Try to face him on his real feelings toward you. Does he really love you? If so, then he has to face his responsibilities for this relationship to grow for both of you. If you are not convinced,however, you have no option but to walk away from it. Try to do that as quickly as possible. Either way you are a winner.

Posted

Give him a chance. ONE chance. If he blows it, then you'd do better without him, given this story you've told.

Posted

He sounds to be all over the place if you ask me, I’d sit back a little and see how much he really cares or wants to see you. If he writes you silly messages like breaking up with you over SMS, DON’T call him. If he is a decent person he should be calling you. You want to see how he behaves now.. so let him do his thing. Don’t call, organise meetings, look for him at clubs, LET HIM COME TO YOU!

 

Sounds like he is not in a very mature place at the moment, and doesn’t seem to care if he makes you feel bad or treats you without respect, and I suppose I wouldn’t really want someone like that in my life.
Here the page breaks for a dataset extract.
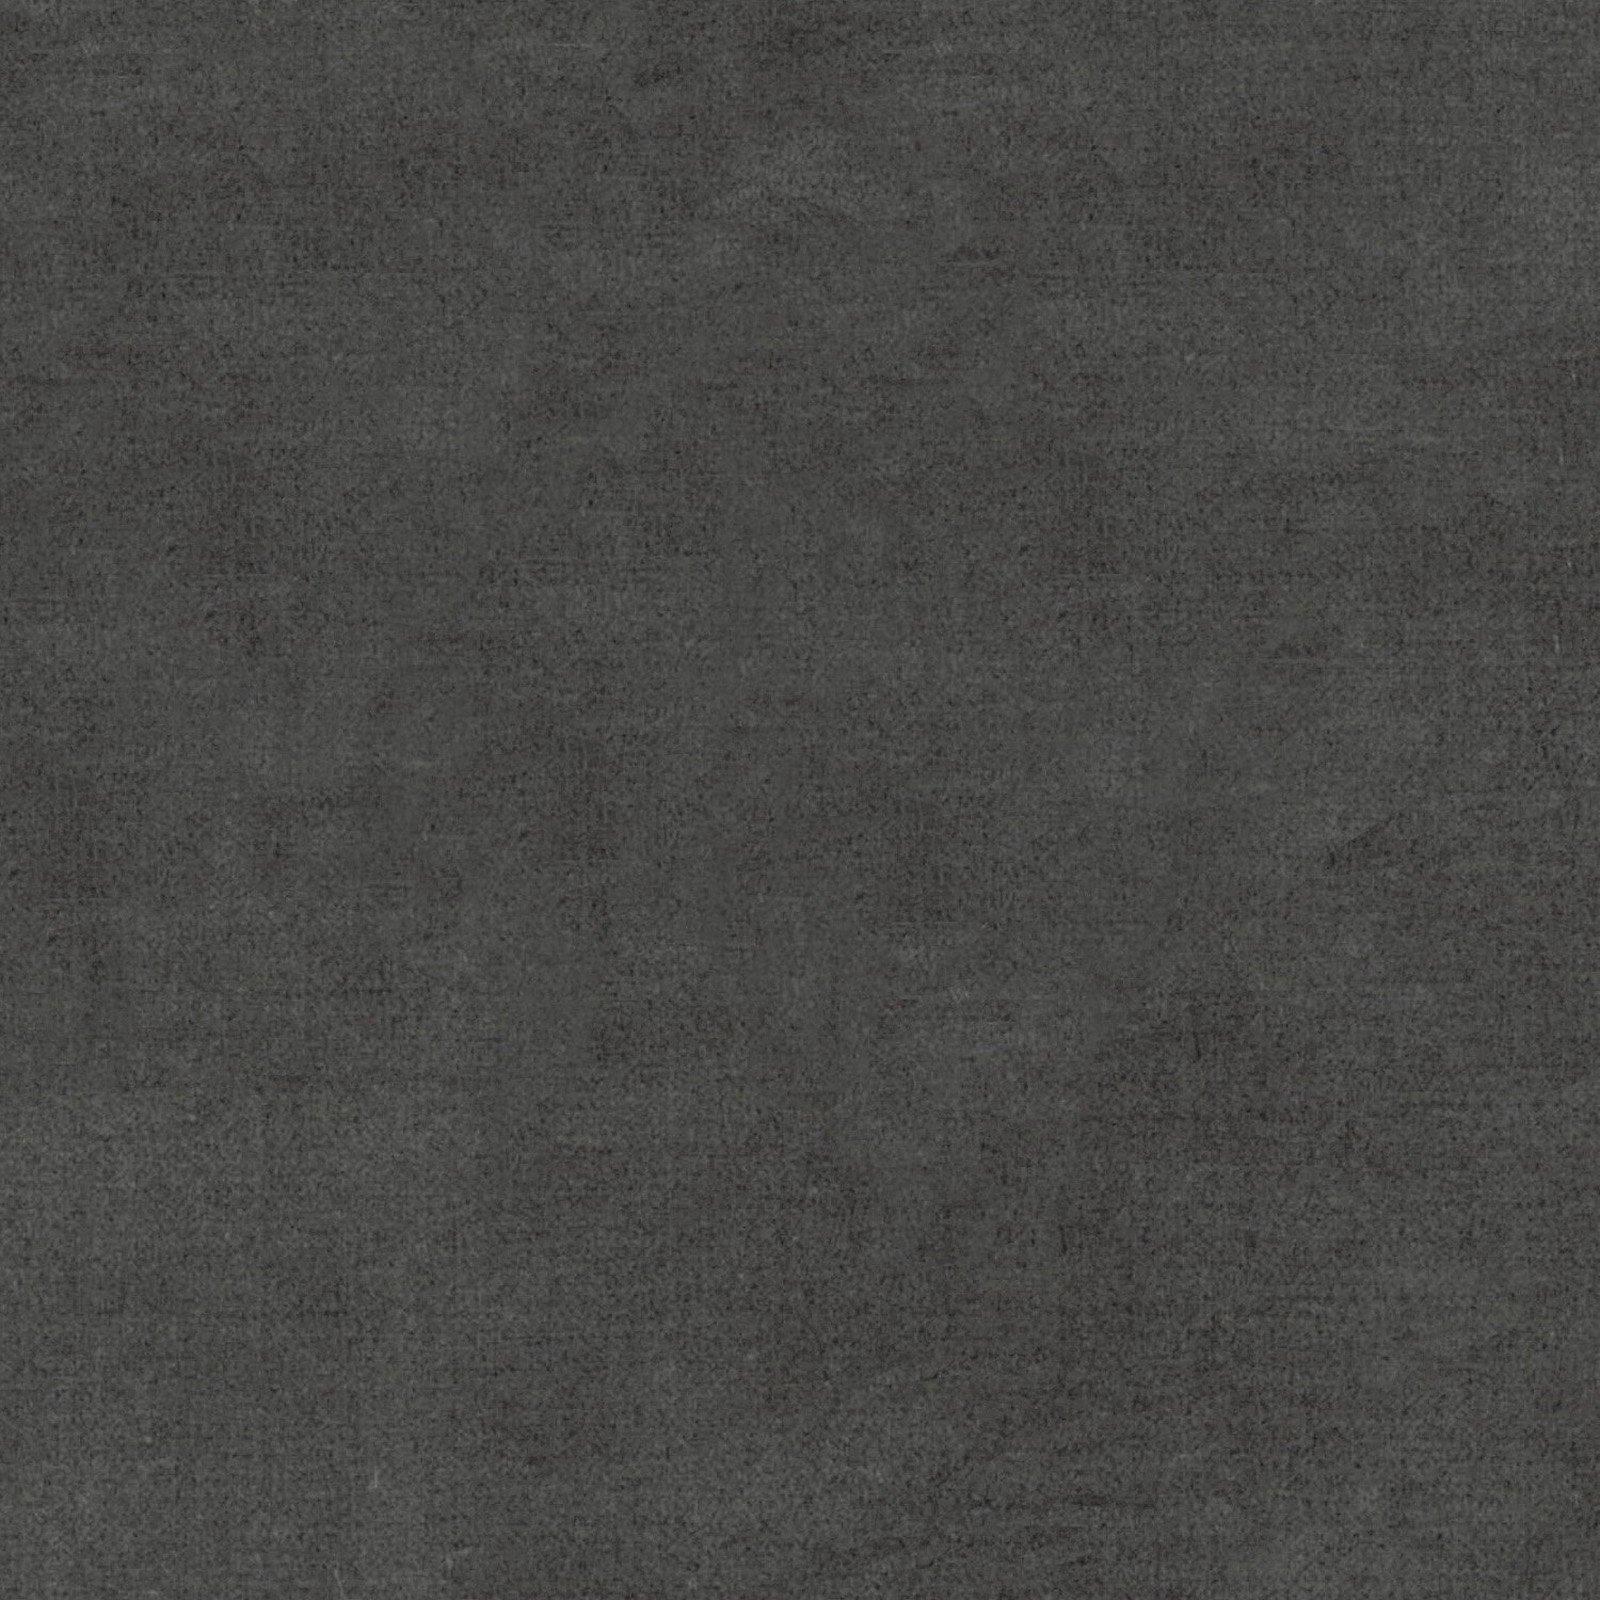 Blazing Needles Vitality 10 in. Full Size Microsuede Innerspring Premium Futon Mattress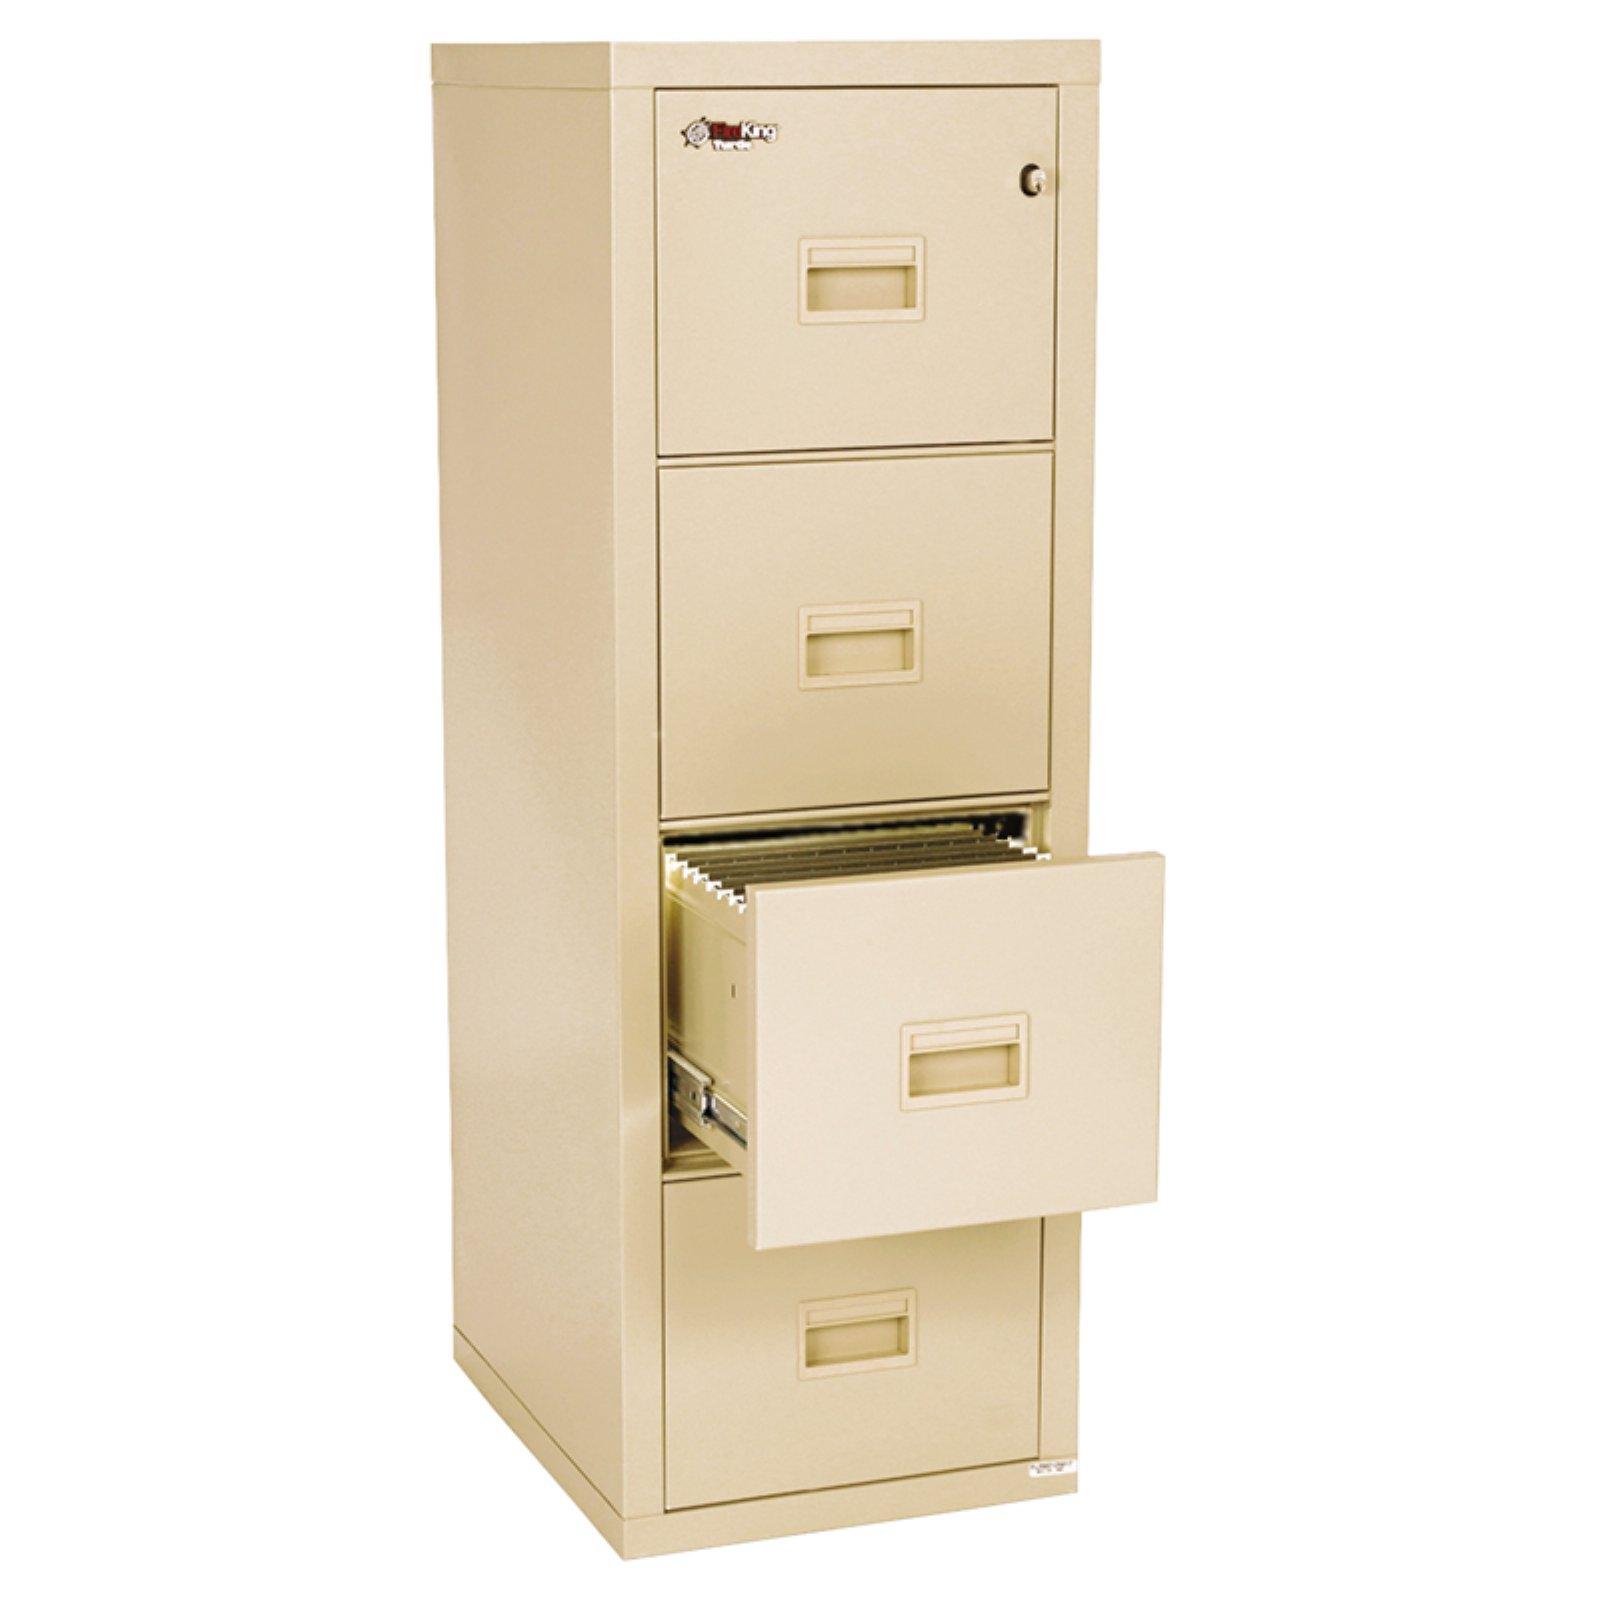 Fireking Compact Turtle 4 Drawer Vertical File Cabinet Filing

PLUS you have to remember, your relationship is at its very early stages, he should still be all lovey dovey… wanting to see you, do romantic things and make you feel nice. He has to work at keeping you, you shouldn’t be gluten for punishment. You deserve to be treated like a princes, not ignored and treated like a fool.

:bunny:

  • 11 months later...
Posted

give everything a chance to work itself out, see how everything goes. as for the lack of suprises and stuff ..it is because in the begining they are still tying to impress you, once they have you..they tend to be less sweet and giving..who knows why but, it happens! good luck

Posted

Dem,

 

You could give him one last chance but honestly, I think this guy doesn't know what he wants. He's a pursuer and now that he believes he has you he's probably going to start treating you like ****. Sorry, but I've seen this many times before. This type of guy will do everything to sweep you off their feet so you're in some sort of hypnotic state and will put up with who they really are which is usually not very palateable. Expect for this guy to cheat and mess with your head. I would bet good money on it.

 

The only thing you can do to combat this type of behavior which is called the "love em and leave em syndrome" is to NEVER BE CONVINCED by someone who is trying hard to convince you he's the one.

 

sorry and hope it works out for you.

Posted

Actions count. In this case, his actions make it clear he does not have much time for you. In fact, some of what he has done to his supposed "gf" is downright insulting.

 

Everybody has to decide their own standards for what they will accept, and what they won't. You can read in LoveShack about some people who have VERY low standards for how their SO should treat them - and how they treat their SO. I myself couldn't handle a so-called bf who did not have time for me.